# Bachmann G guage North Star Express Anniversary edition information?



## x_doug_x (Feb 17, 2011)

i am just curious about this set? i'm begining to think this was a limited edition set. i can't find any information on it on google. sites that had it for sale show up as sold out and there are only a few people i have seen that have it. 

i'm basically just wanting to know how much they are going for used and when they were made? i have a large collection of trains and this one just interests me. 

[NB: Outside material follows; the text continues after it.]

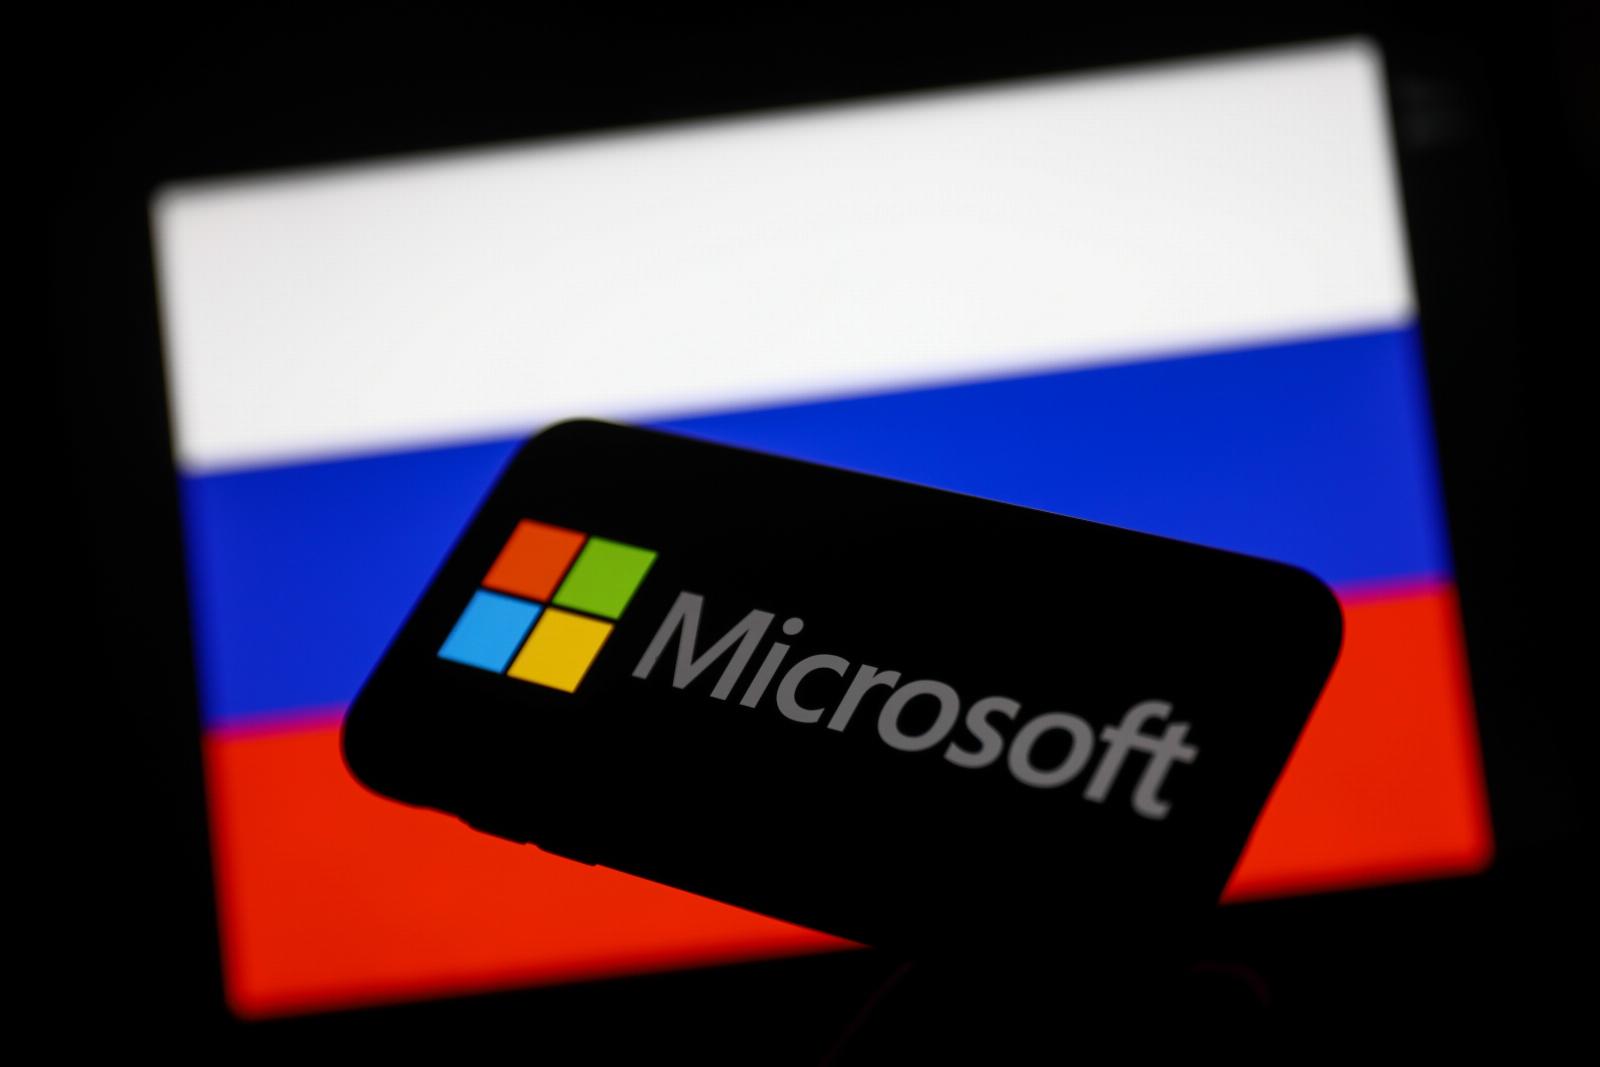 Russian spies keep hacking into Microsoft in ‘ongoing attack,’ company says
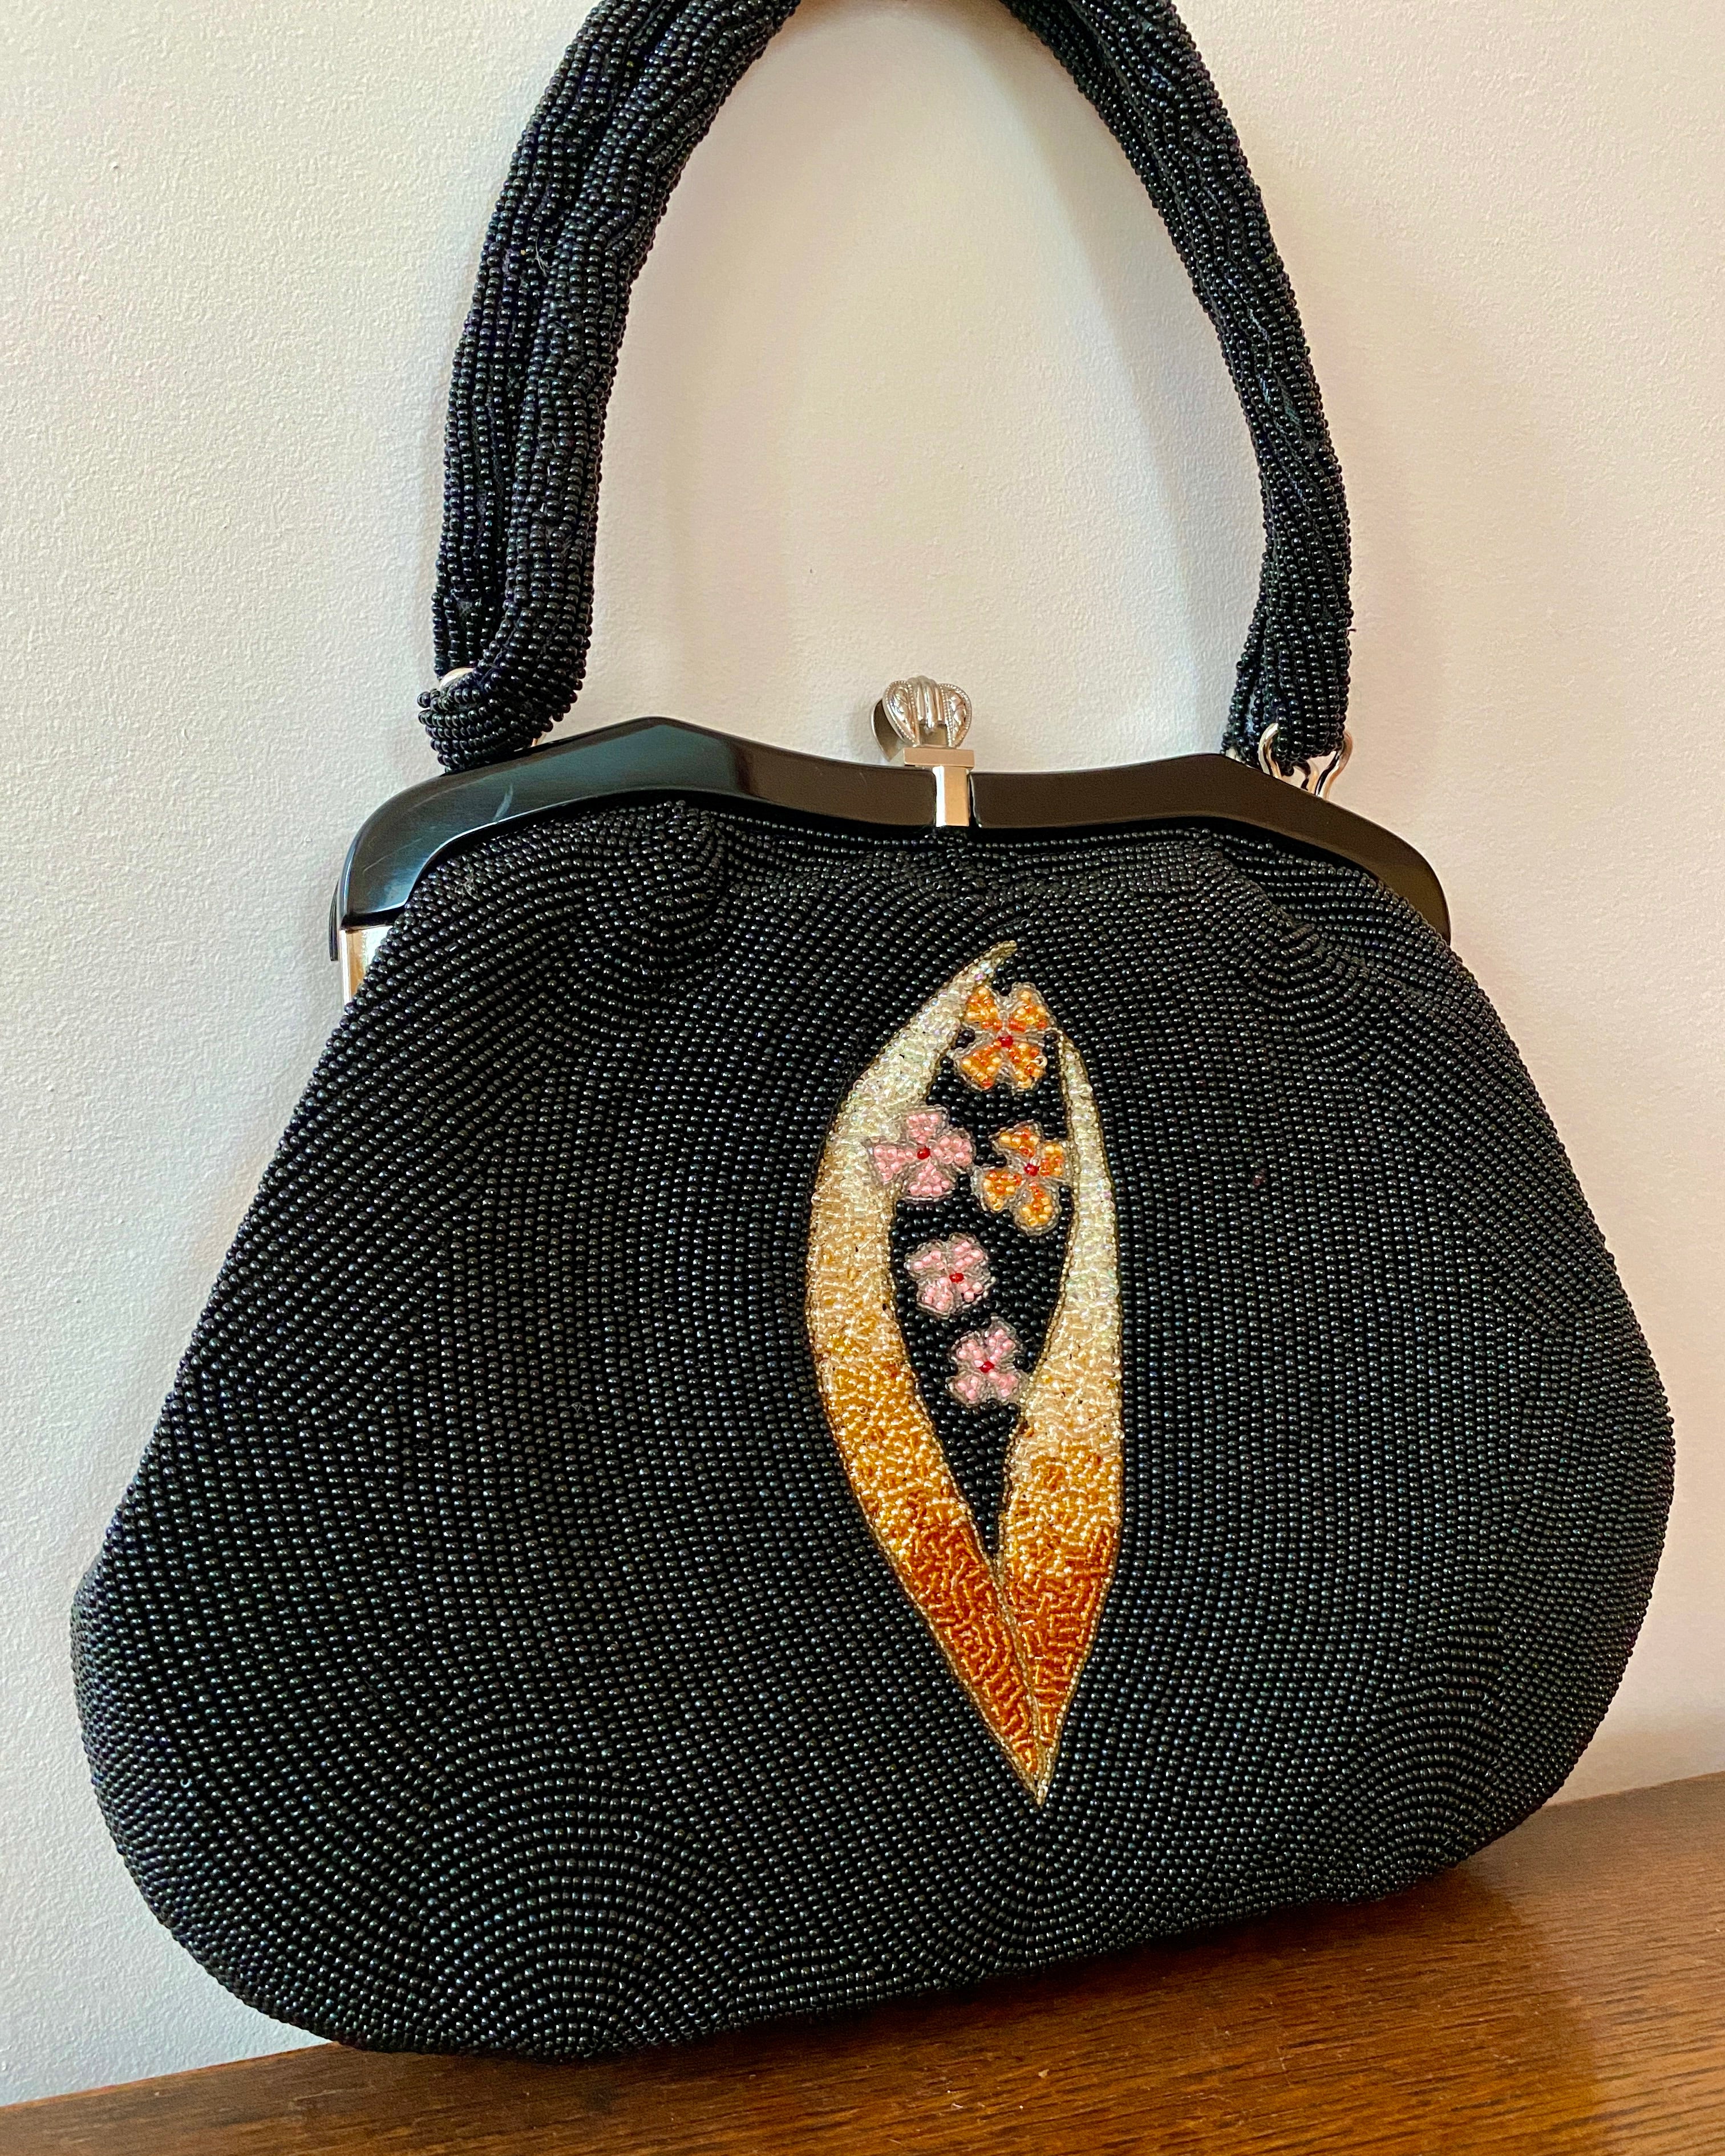 Vintage 1950s Fine Hand Beaded Black Handbag with Flower and Leaf Pattern Mint Condition

this is not my site, nor is this my train or my pictures but this is the same set i have and pretty much the only pictures i've seen of the whole set on google
http://www.thortrains.net/shows/Ocean05c.html


----------



## Mike Reilley (Jan 2, 2008)

Hardly a limited edition set....this was Bachmann's Christmas set about five years ago. It was the first one to come with an Annie as the 10 wheeler engine...a definite drawing card for me. This is definitely the best Christmas set they've made. As I recall, it was also the last one they sold with the 10 wheeler engine. I think the follow-on Christmas sets have had their little industrial mogul as the engine. I bought my set at Sam's Club...and the store I got it in had hundreds of the sets for sale. I bought one for me and one for Chris Walas. As I recall, the sets cost about $125 each.


----------



## x_doug_x (Feb 17, 2011)

It's a very nice/detailed set. i like it a lot. thanks for the info. 

i've also got a Aristocraft jack daniels set i like as well.


----------



## markoles (Jan 2, 2008)

I got one for my brother in law, too. Nice running engine. Almost wish I had bought one for myself, but that was the year I got an aristo mikado for $250.


----------